Meet Fayth.
Rooted in faith, family, and the everyday rhythms of Georgia's 13th District. A neighbor running to represent the place she calls home.

From classrooms to community organizing.
Fayth coaching / volunteering
Leadership has always been part of how I move through the world — from leading peers in school, to studying abroad and seeing how other governments serve (and fail) their people, to organizing locally for social justice in my own community.
I've worked voting polls, sat with neighbors at kitchen tables, and listened to families talk about what's working and what isn't. The throughline is the same everywhere: people want to be heard, and they want representation that actually does something.
That's the desire that brought me here — to take what I've learned and use it for something bigger than myself.
The values I lead with.
My faith shapes how I show up — with humility, with honesty, and with the belief that every person I meet deserves to be treated with dignity. It's not a talking point. It's the foundation.

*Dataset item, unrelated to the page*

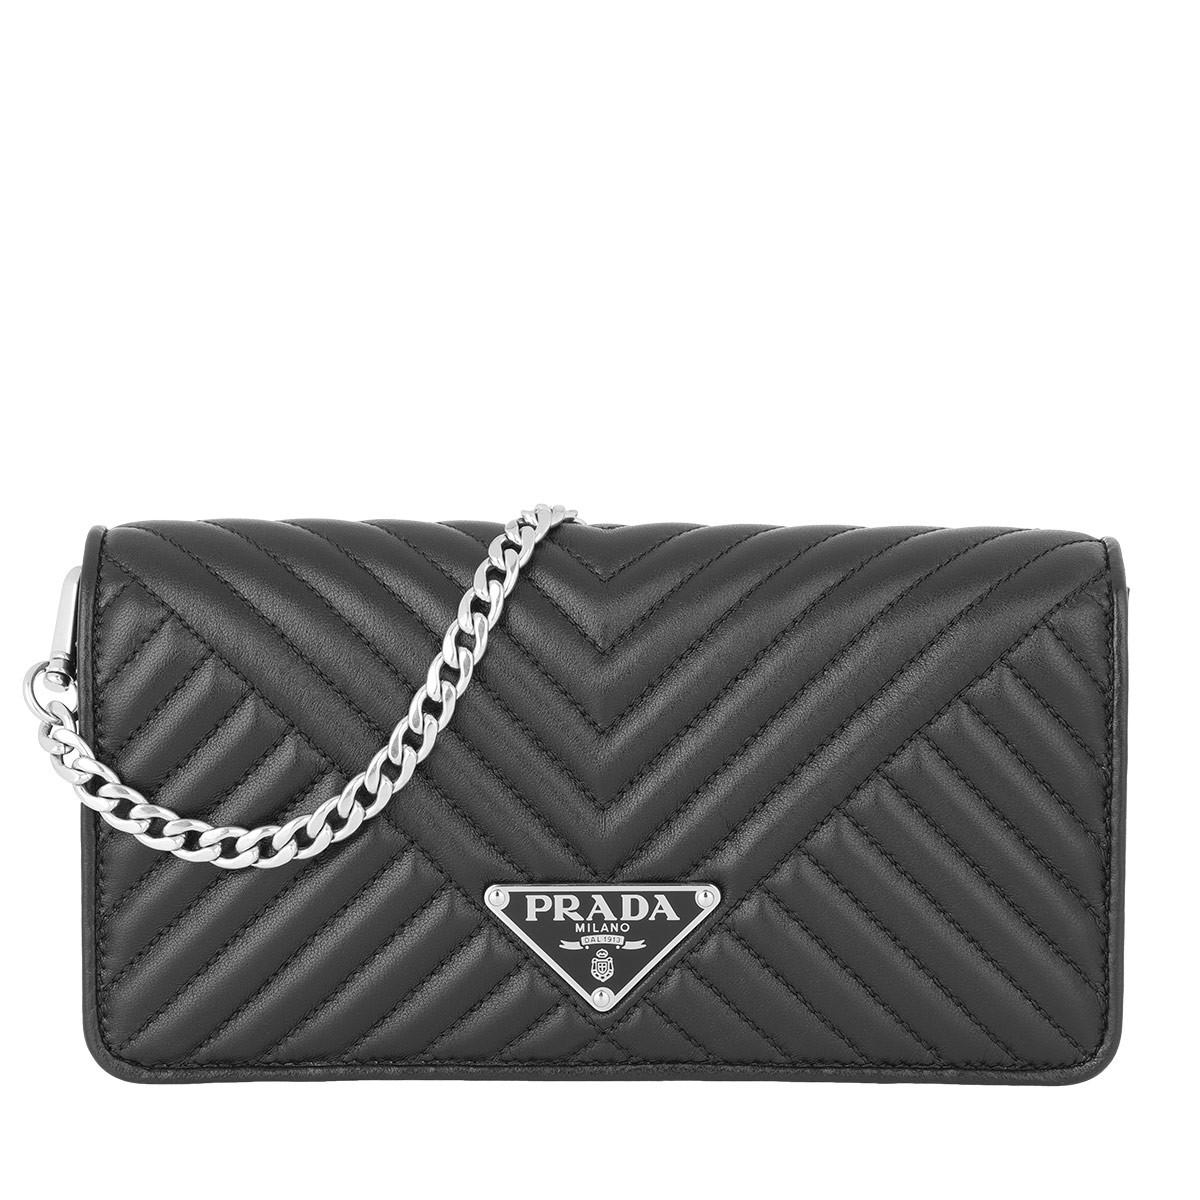 Prada - Women's Quilted Nappa Shoulder Bag - White - Leather

My family is my anchor. My husband, my son, and the wider family that raised me are the reason I care so deeply about what kind of district my neighbors get to live in. Every policy I think about, I think about with my son in mind.
Growth, for me, has always meant earning credentials and applying them — a bachelor's in business, a master's in positive psychology, and certification as a coach through the International Coaching Federation. But growth also means staying teachable. I plan to do that in office, too.

At a community event
Speaking with residents
A generation that's done waiting.
I'm not running because I'm young. I'm running because my generation is being asked to inherit problems we didn't create — and we're being told to be patient while they get worse.
The cost of housing, the cost of childcare, the cost of healthcare, the cost of just trying to live a normal life — these aren't abstract issues to us. They're the conditions we're raising our families in, right now.
Representation that reflects this moment isn't a nice-to-have. It's overdue. And it's how we get policy that actually meets the moment we're in.